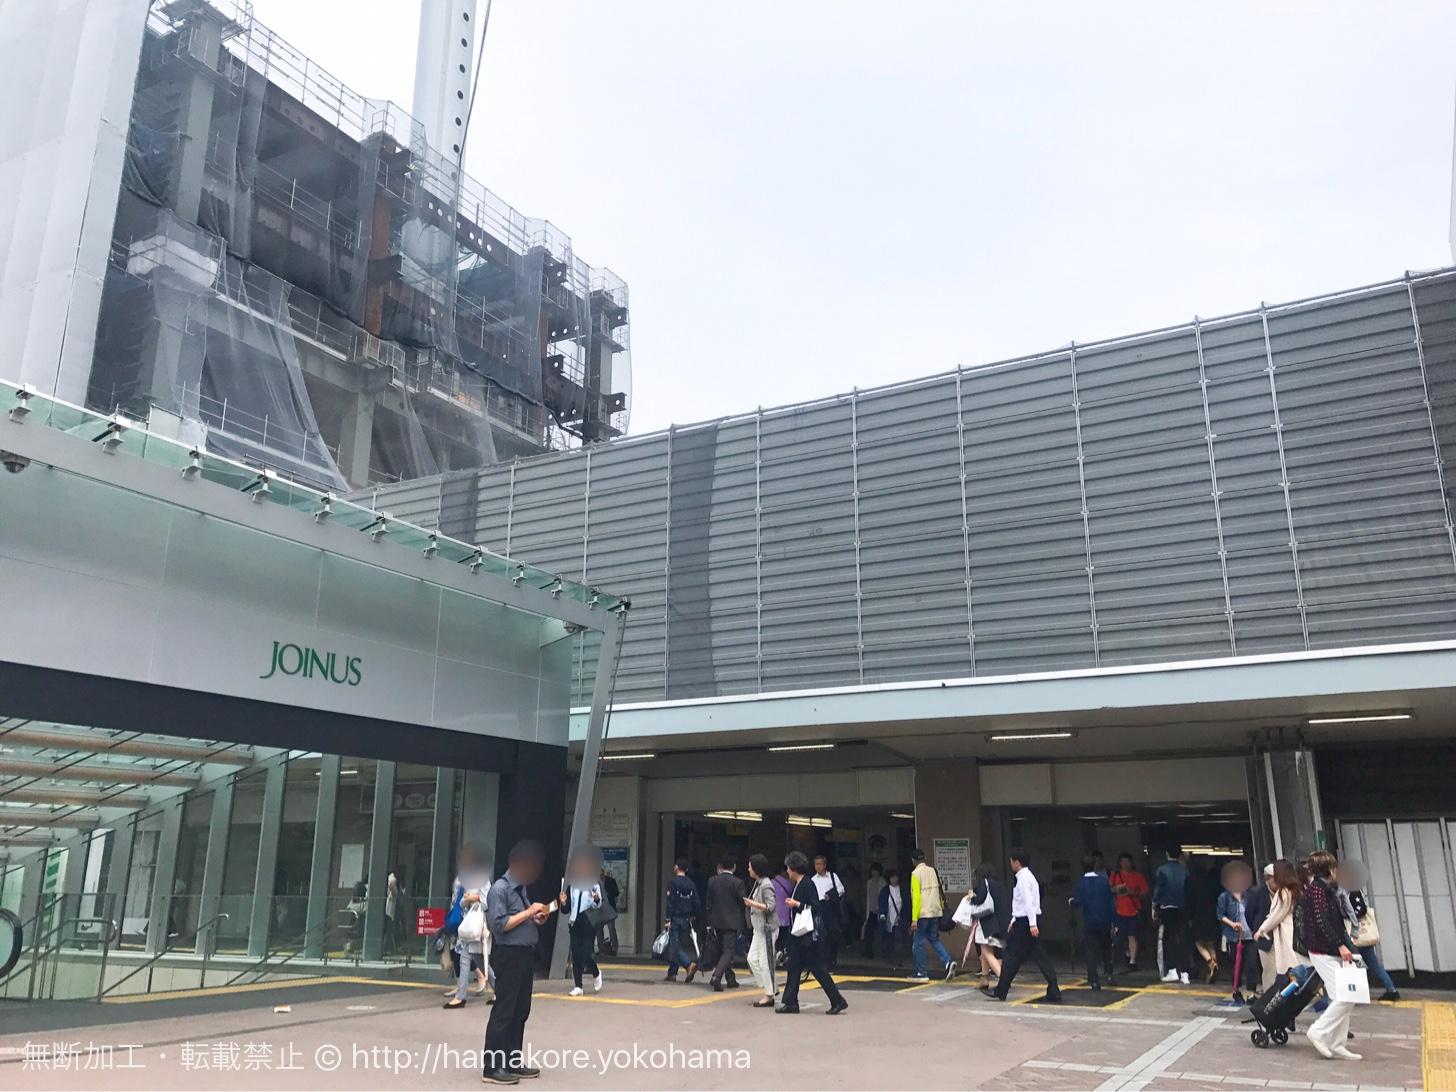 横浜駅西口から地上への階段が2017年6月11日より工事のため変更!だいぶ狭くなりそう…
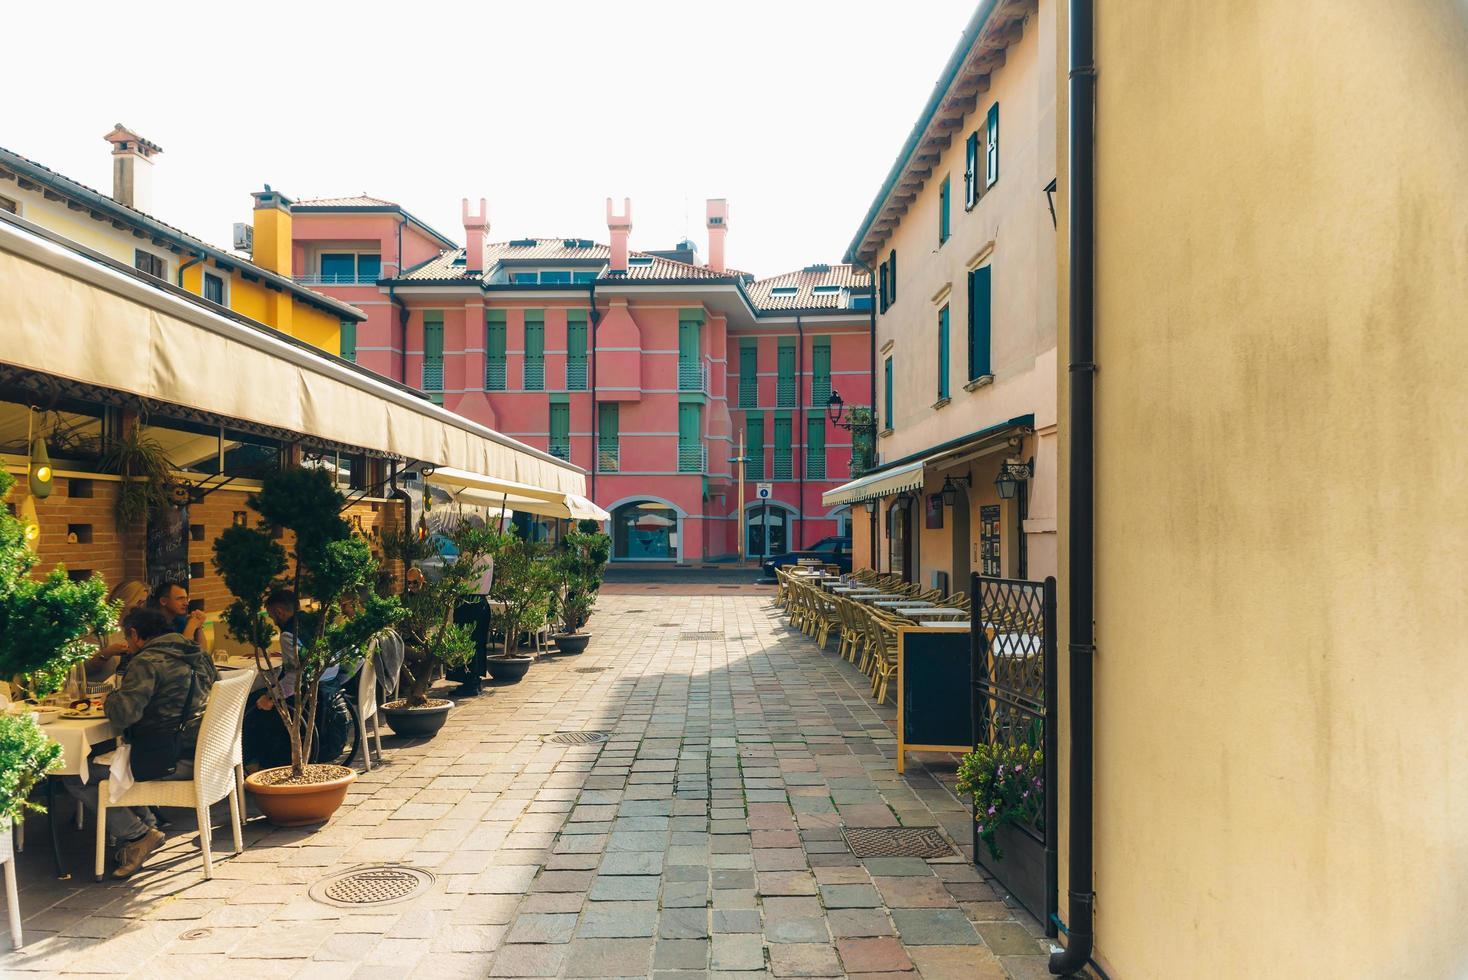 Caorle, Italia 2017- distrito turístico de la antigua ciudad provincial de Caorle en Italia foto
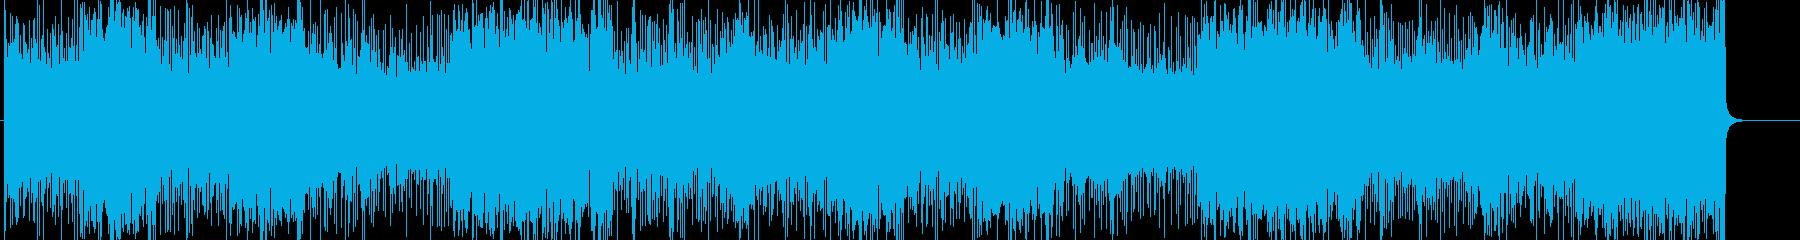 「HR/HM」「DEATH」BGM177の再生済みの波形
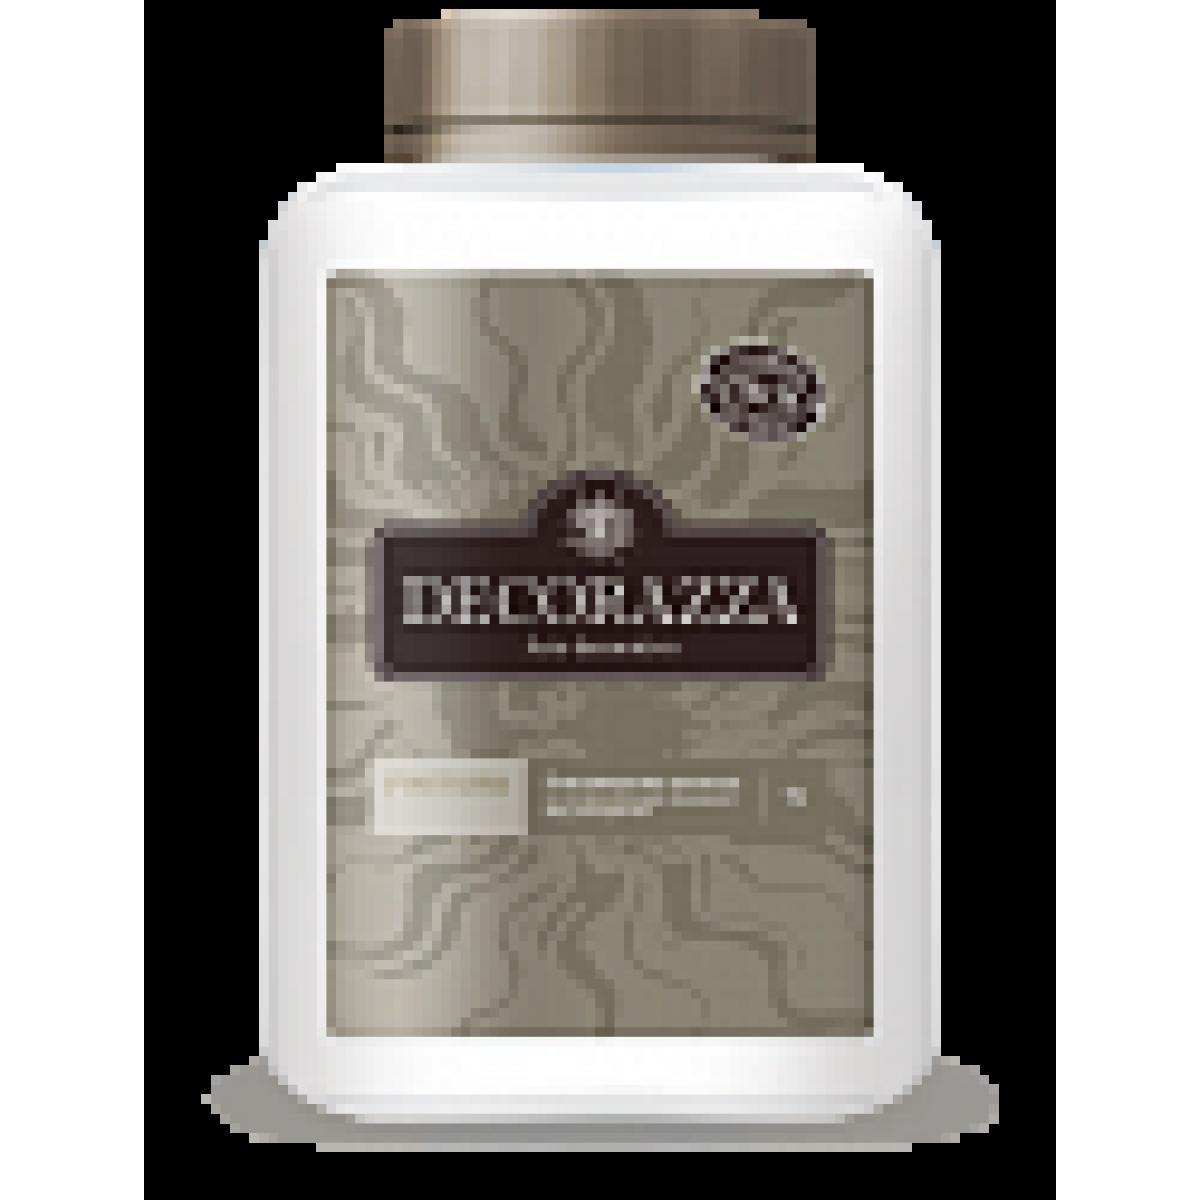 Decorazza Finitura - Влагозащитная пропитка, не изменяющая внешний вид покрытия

→ Exercise aim
Repeat the listing verbatim without its pictures.

→ Answer space
 横浜駅西口から地上への階段が2017年6月11日より工事のため変更!だいぶ狭くなりそう…
 Caorle, Italia 2017- distrito turístico de la antigua ciudad provincial de Caorle en Italia foto
 「HR/HM」「DEATH」BGM177の再生済みの波形
 Decorazza Finitura - Влагозащитная пропитка, не изменяющая внешний вид покрытия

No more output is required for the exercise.